═══ DATASET SECTION

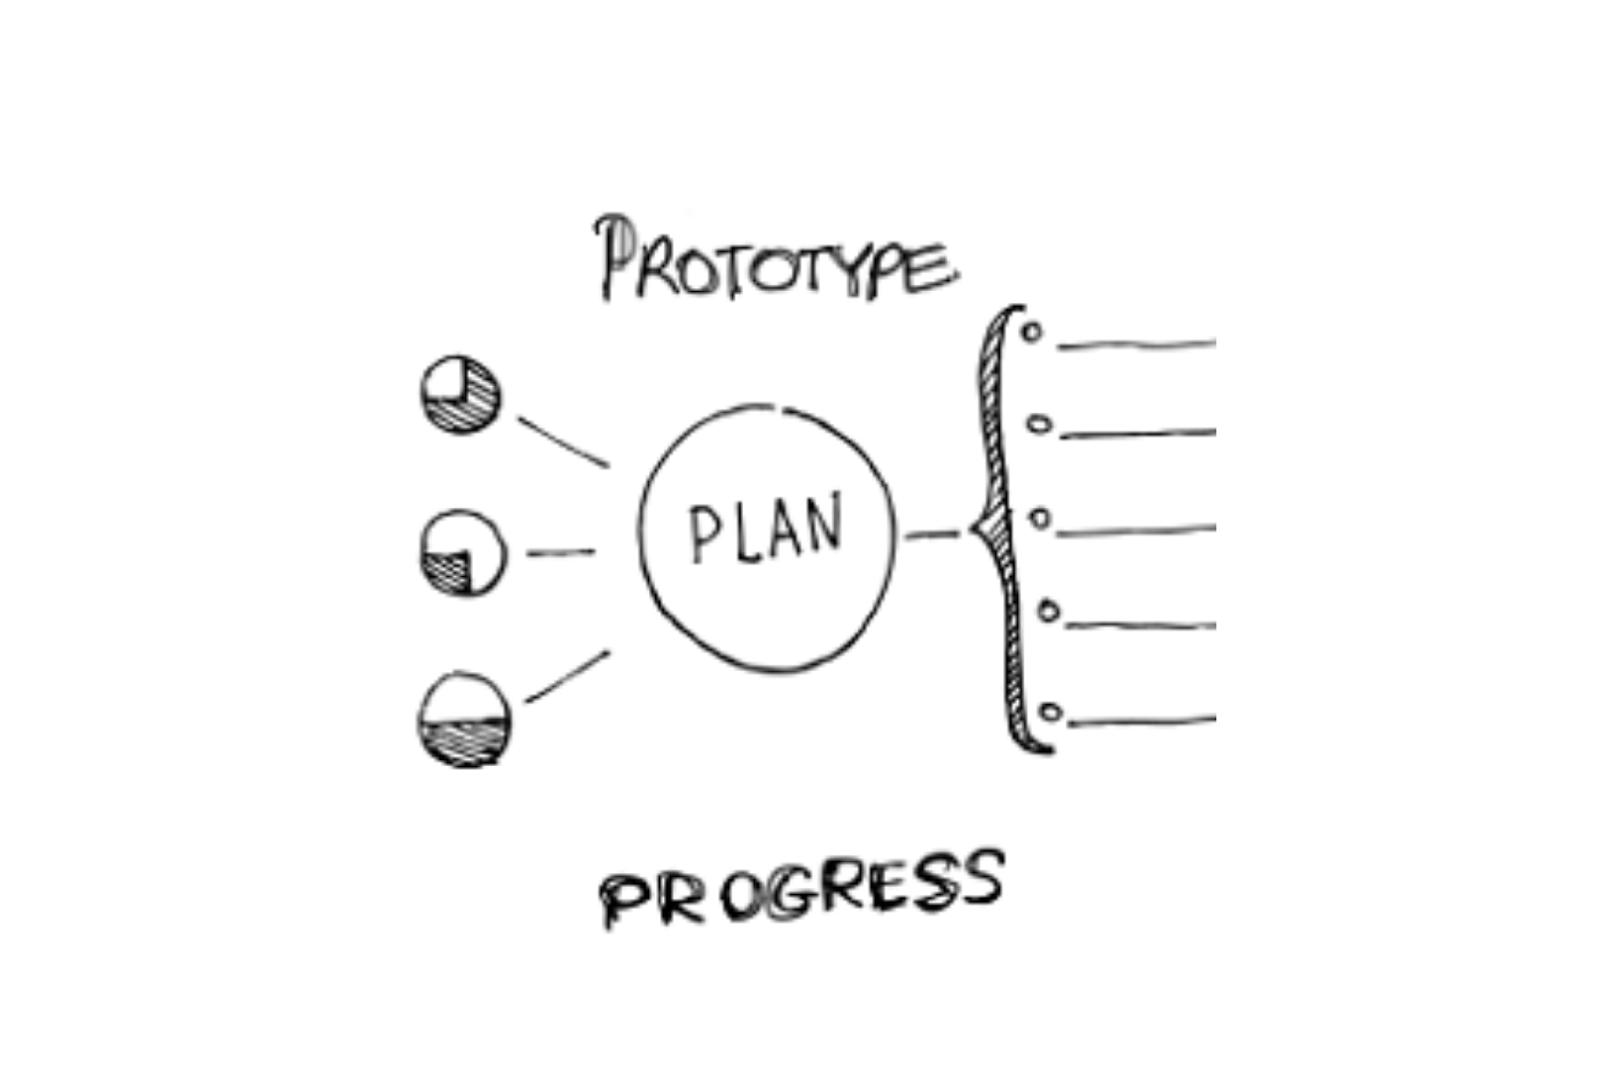 Prototype Progress
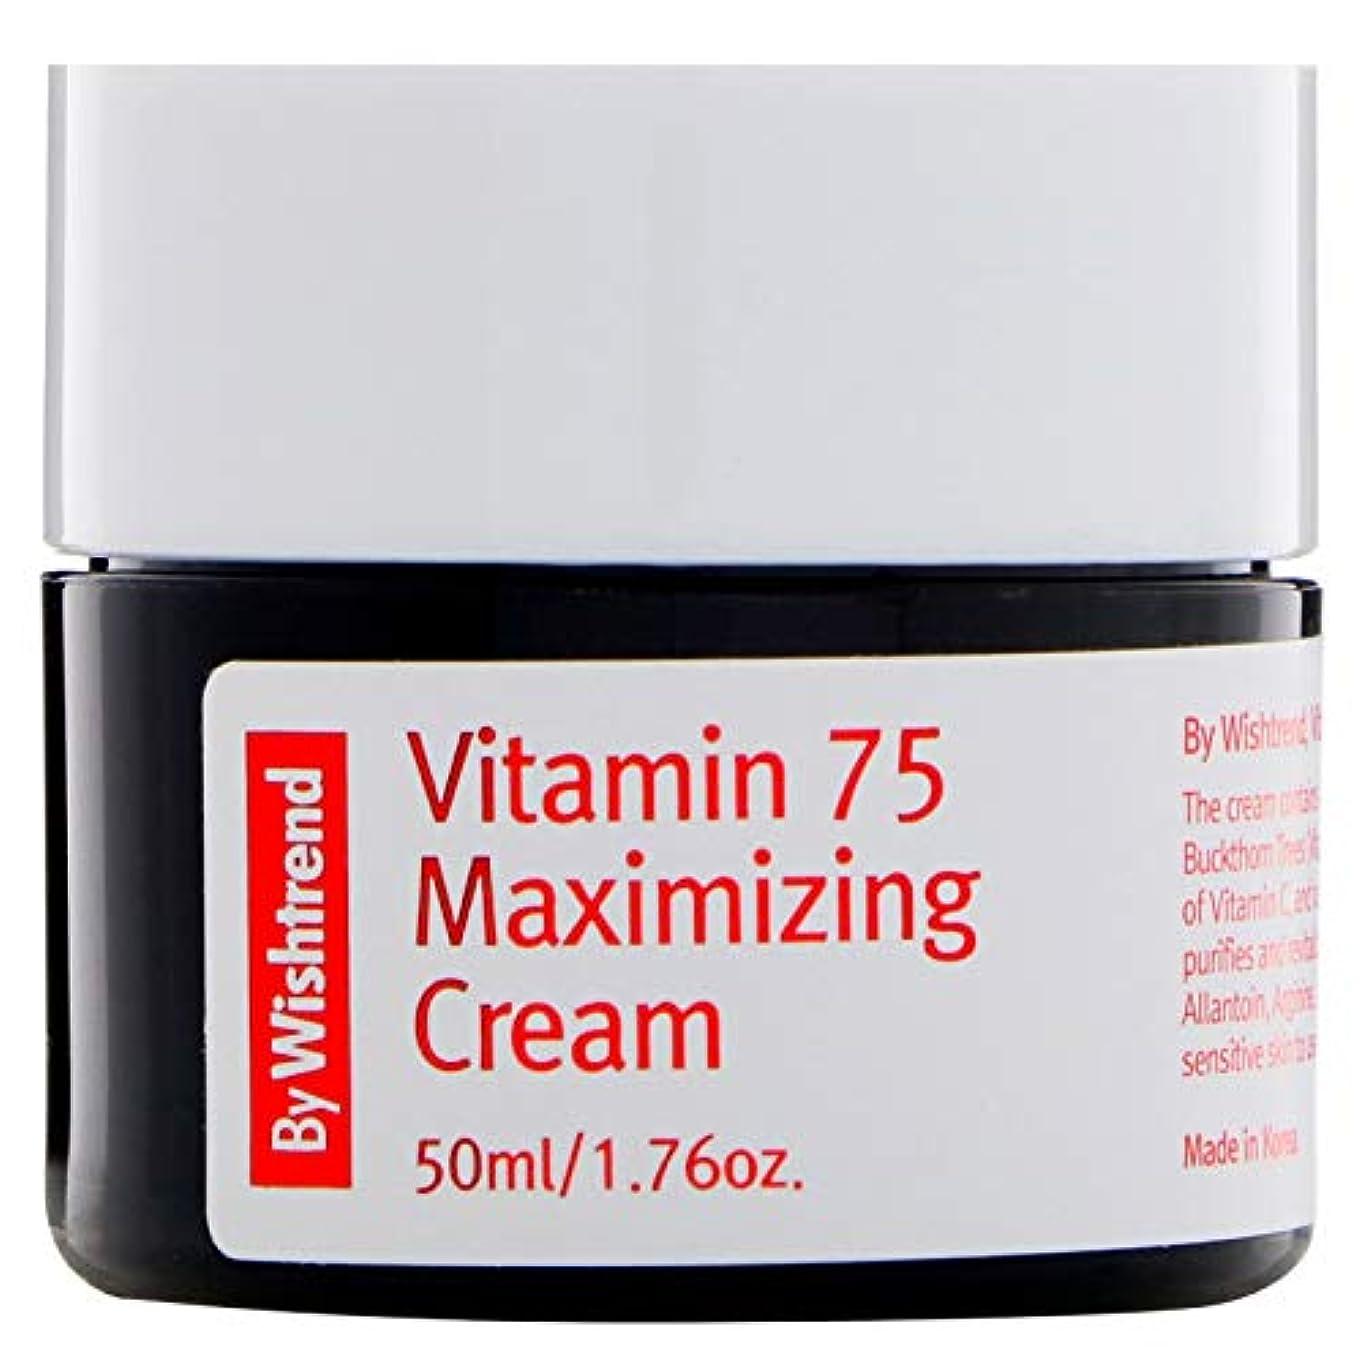 バタフライシェードサポート[BY WISHTREND]ビタミン75 マキシマイジング クリーム, Vitamin 75 Maximizing Cream [並行輸入品]
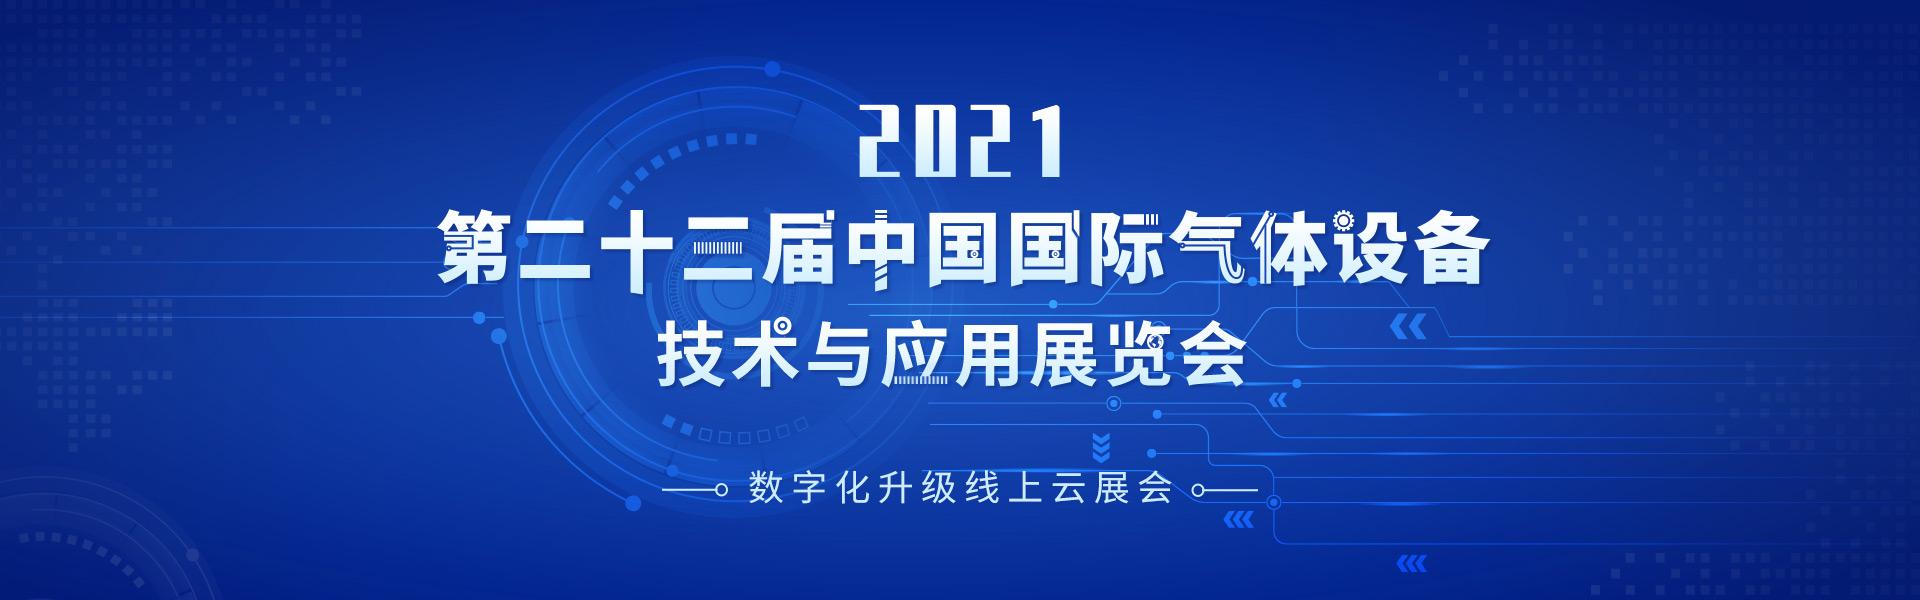 第二十三届中国国际气体设备、技术与应用展览会
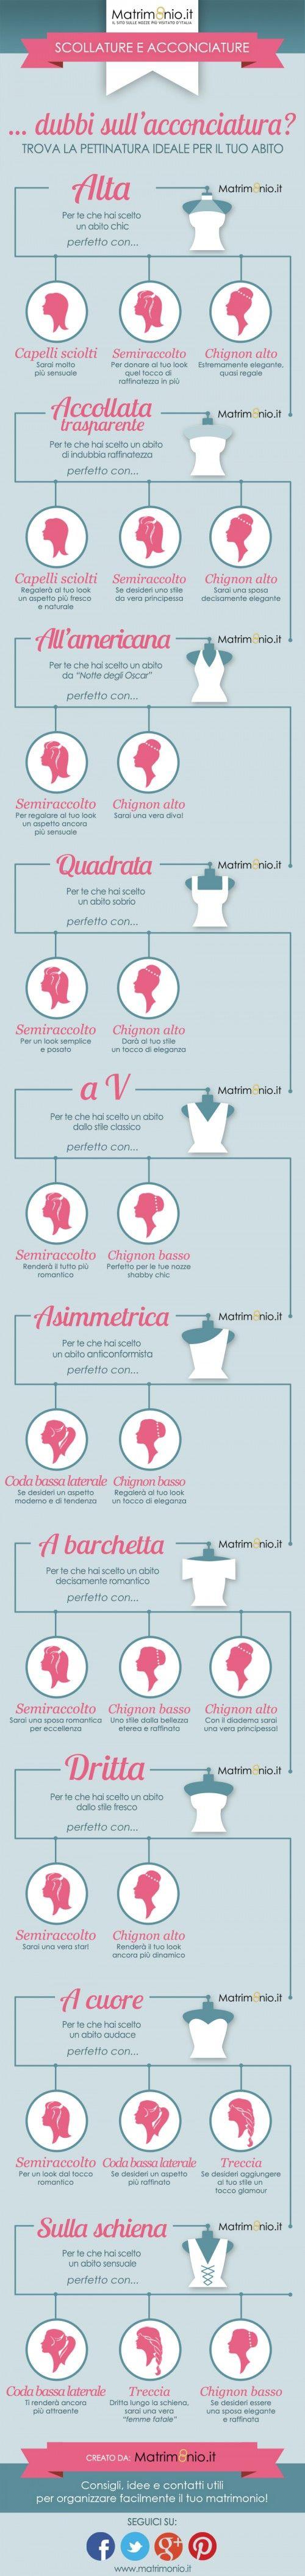 Infografica: come abbinare l'acconciatura all'abito da sposa! | Infographic Love

══════

#### WHAT YOU HAVE TO DO
All of the lines above should be copied exactly, apart from the pictures.

#### SOLUTION BELOW
 Prototype Progress
 バタフライシェードサポート[BY WISHTREND]ビタミン75 マキシマイジング クリーム, Vitamin 75 Maximizing Cream [並行輸入品]
 第二十三届中国国际气体设备、技术与应用展览会
 Infografica: come abbinare l'acconciatura all'abito da sposa! | Infographic Love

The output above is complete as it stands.